## Your goal
From the line with "2.54 Carat I-VS2 Excellent Oval Diamond" to the line with "Платье для блайз.", output every line below exactly, both ends included. Skip the pictures.

(Information provided Opens)

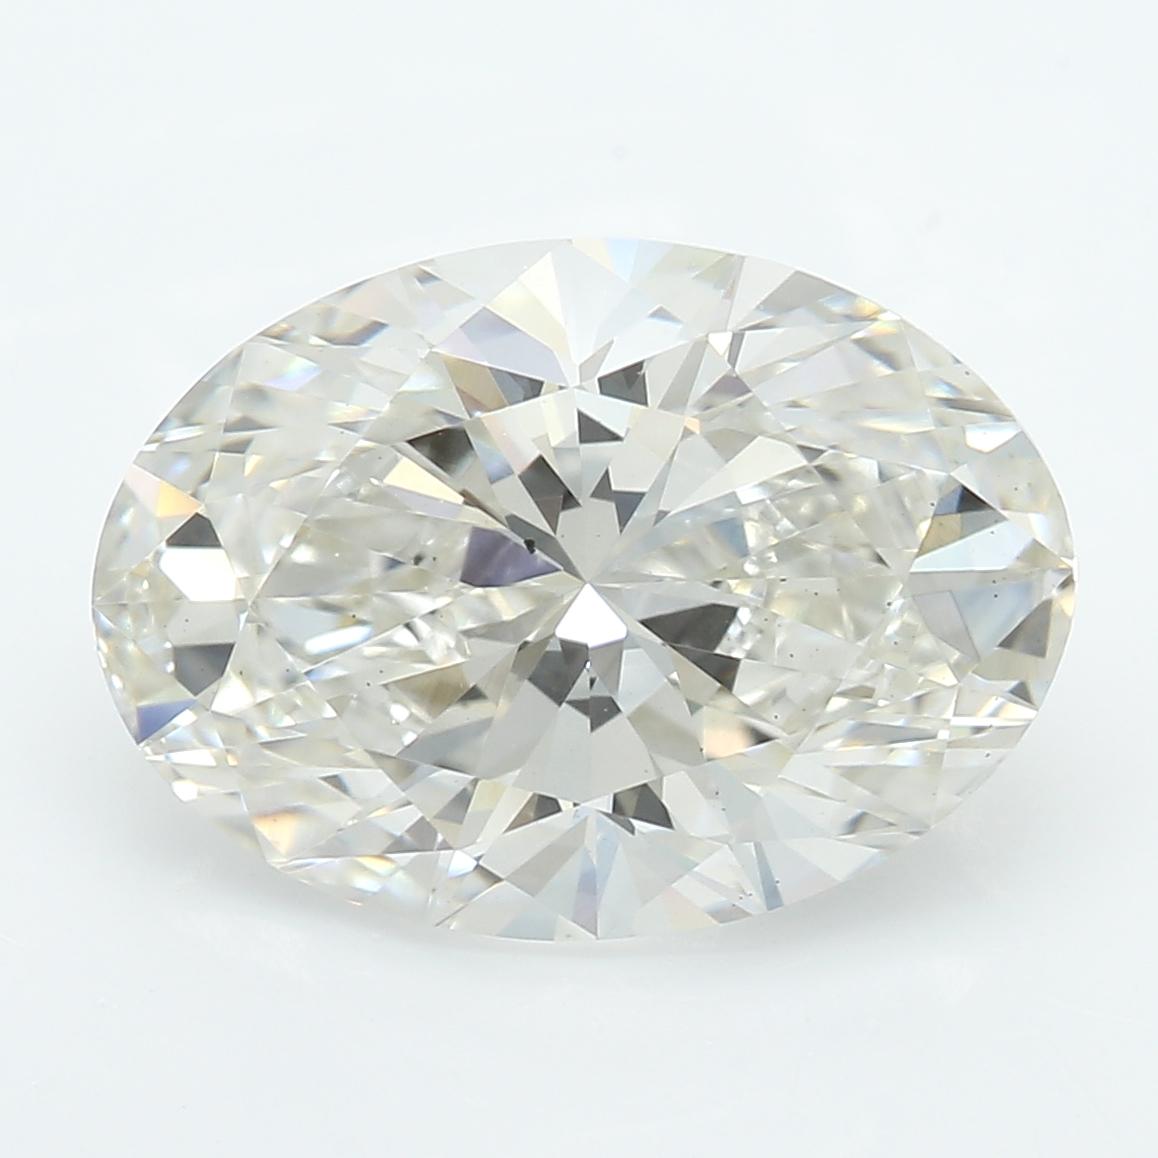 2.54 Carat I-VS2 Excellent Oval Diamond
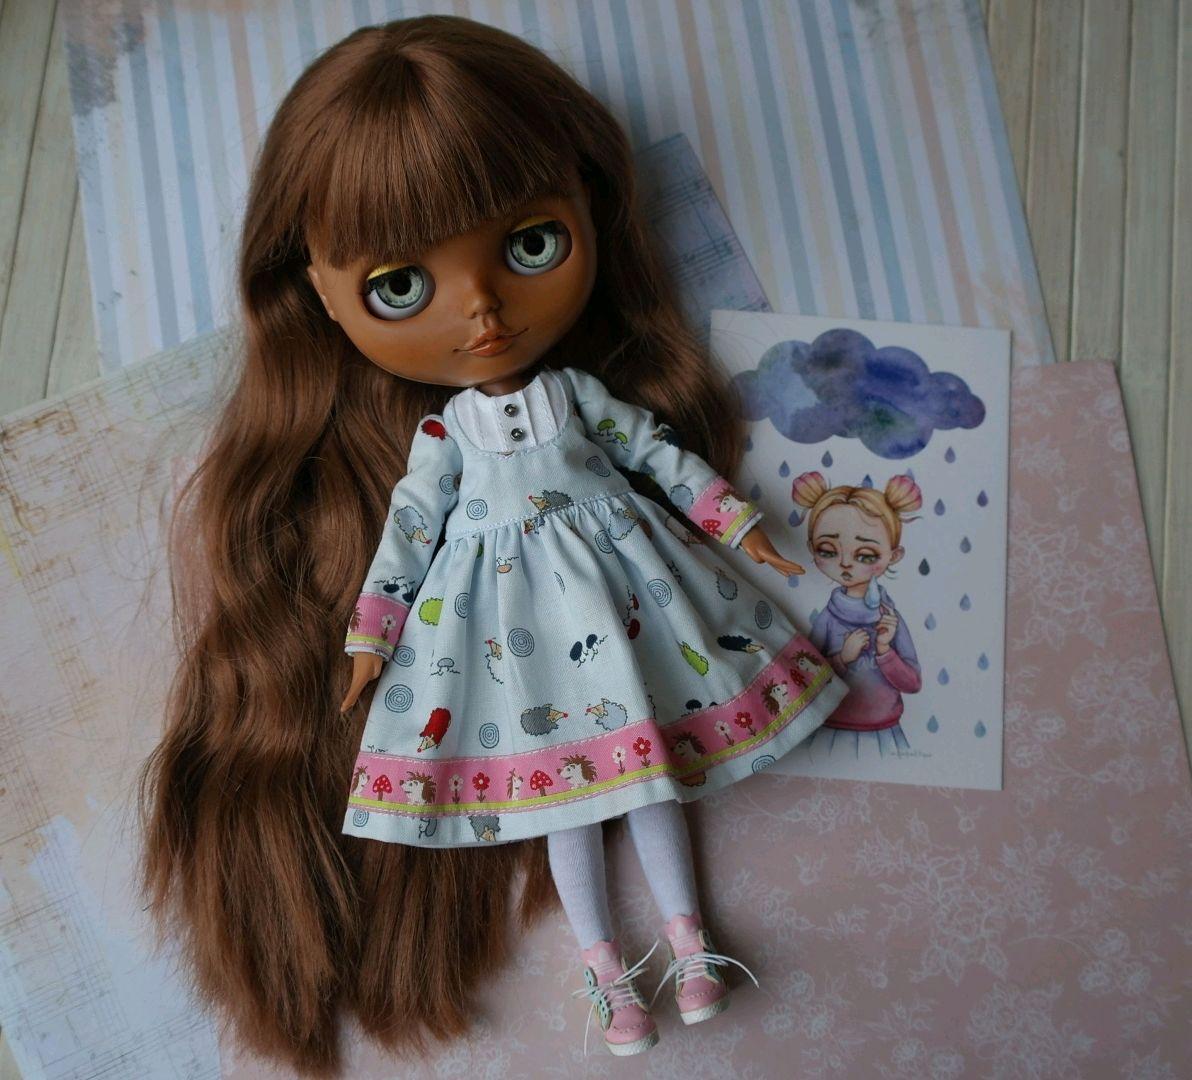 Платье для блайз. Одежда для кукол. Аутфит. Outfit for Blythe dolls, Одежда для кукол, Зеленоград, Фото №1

(Information provided Closes)
(Information provided Opens)

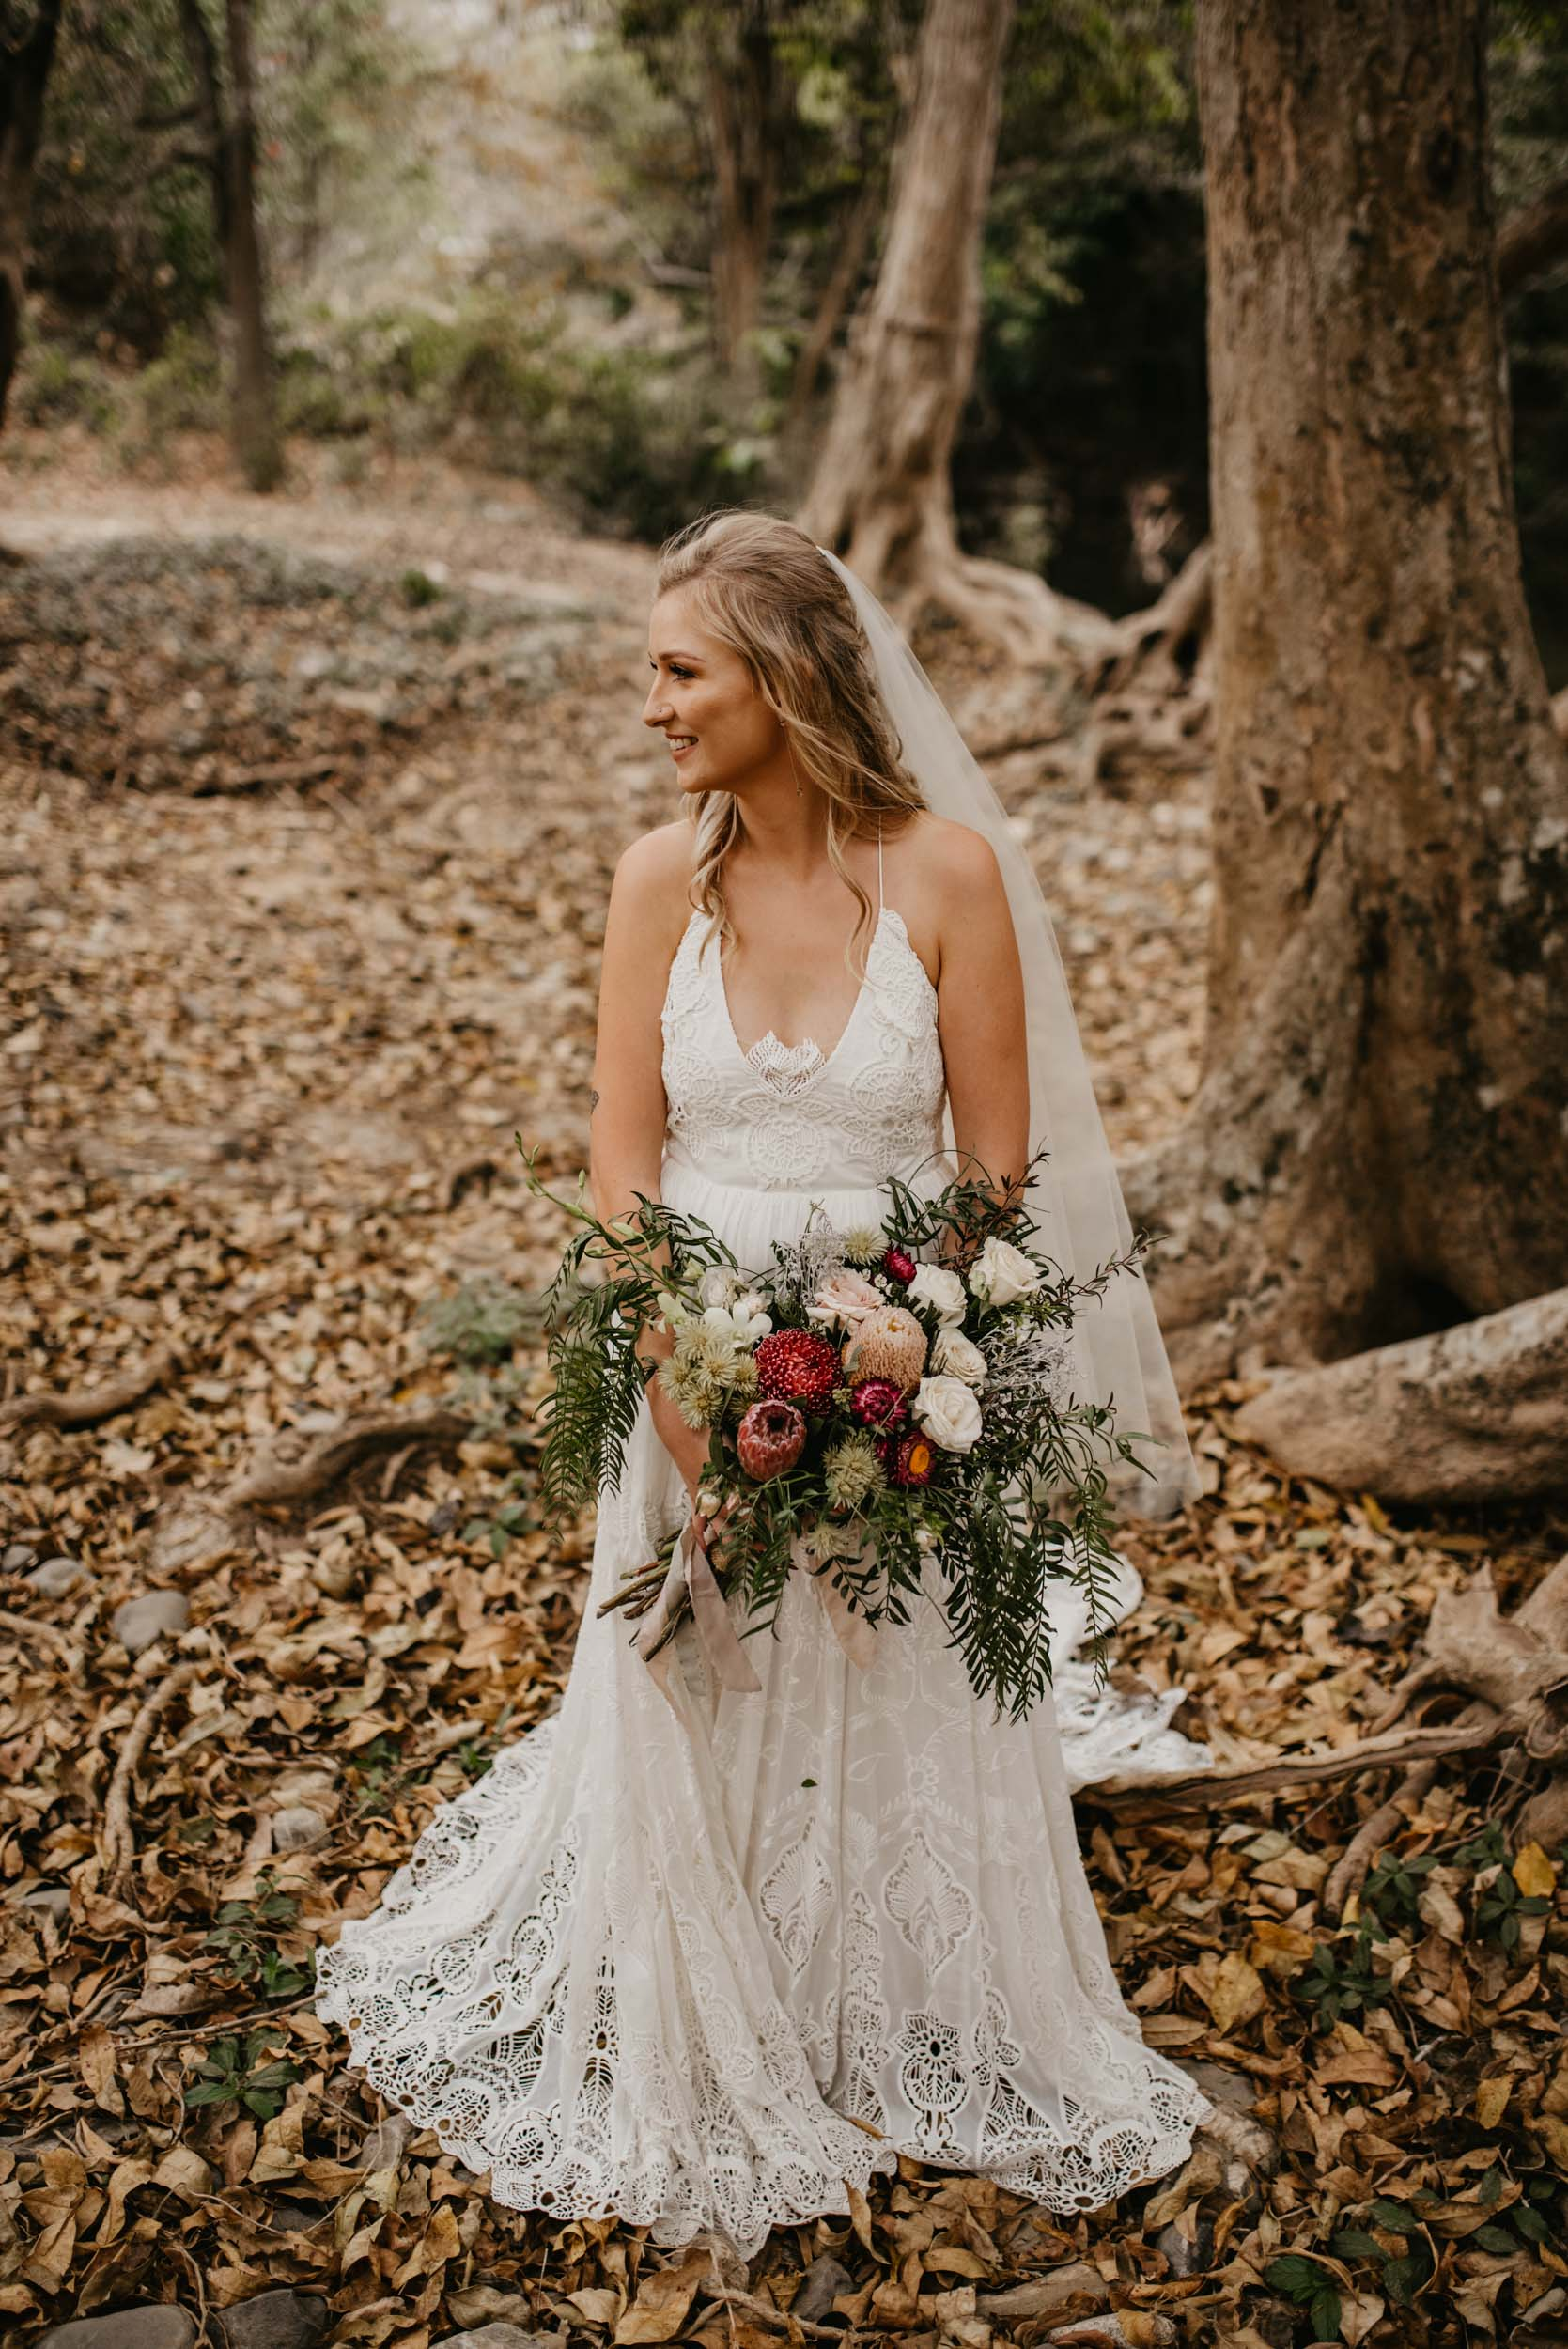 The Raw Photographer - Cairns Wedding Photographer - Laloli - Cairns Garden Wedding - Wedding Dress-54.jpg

(Information provided Closes)
(Information provided Opens)

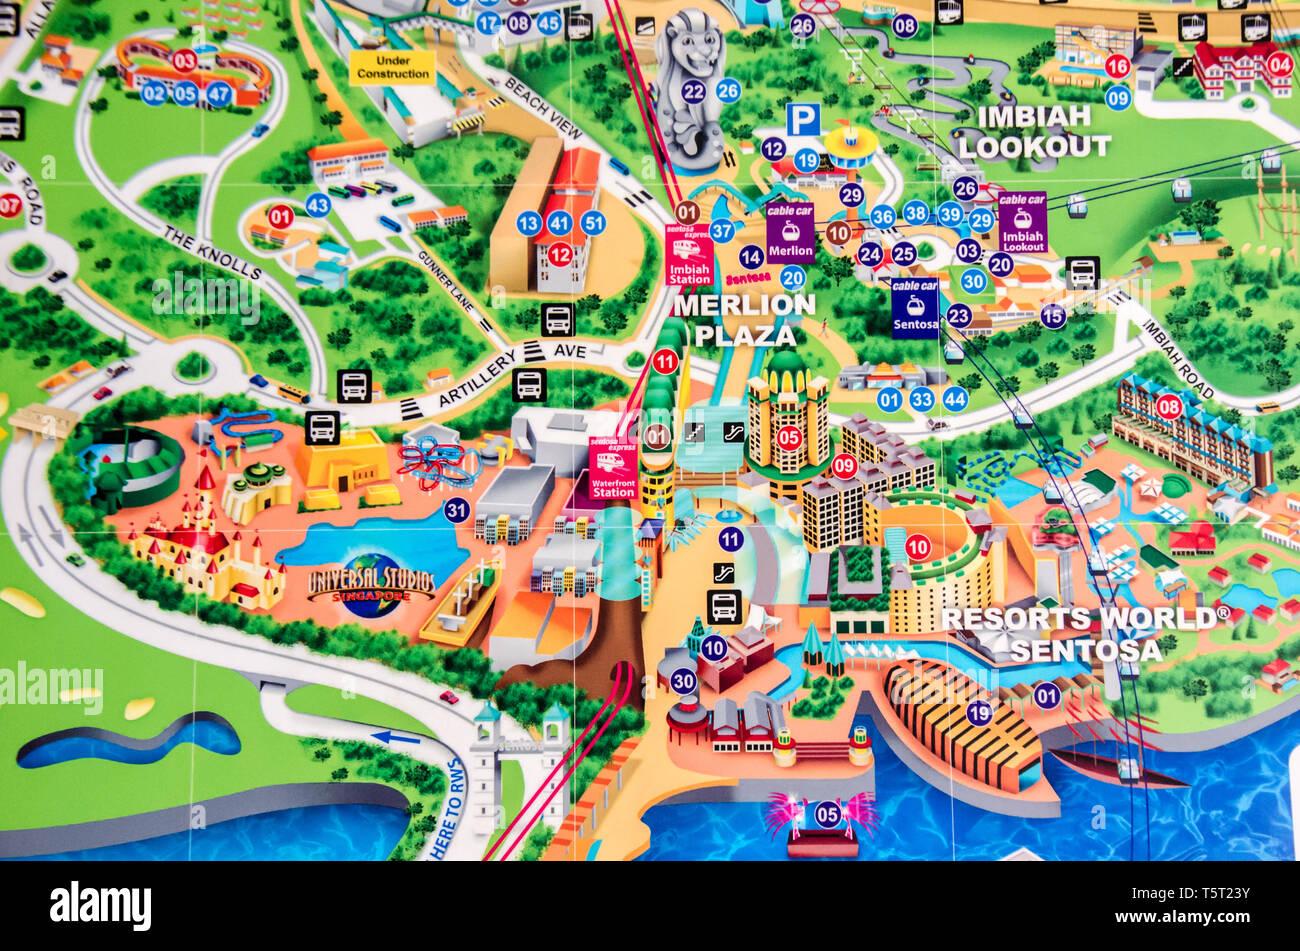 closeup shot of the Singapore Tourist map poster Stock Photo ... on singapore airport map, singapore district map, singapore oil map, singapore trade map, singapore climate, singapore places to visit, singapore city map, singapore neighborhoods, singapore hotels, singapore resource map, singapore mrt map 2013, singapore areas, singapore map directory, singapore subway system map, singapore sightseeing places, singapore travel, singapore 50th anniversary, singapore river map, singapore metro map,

(Information provided Closes)

## Your response
 2.54 Carat I-VS2 Excellent Oval Diamond
 Платье для блайз. Одежда для кукол. Аутфит. Outfit for Blythe dolls, Одежда для кукол, Зеленоград, Фото №1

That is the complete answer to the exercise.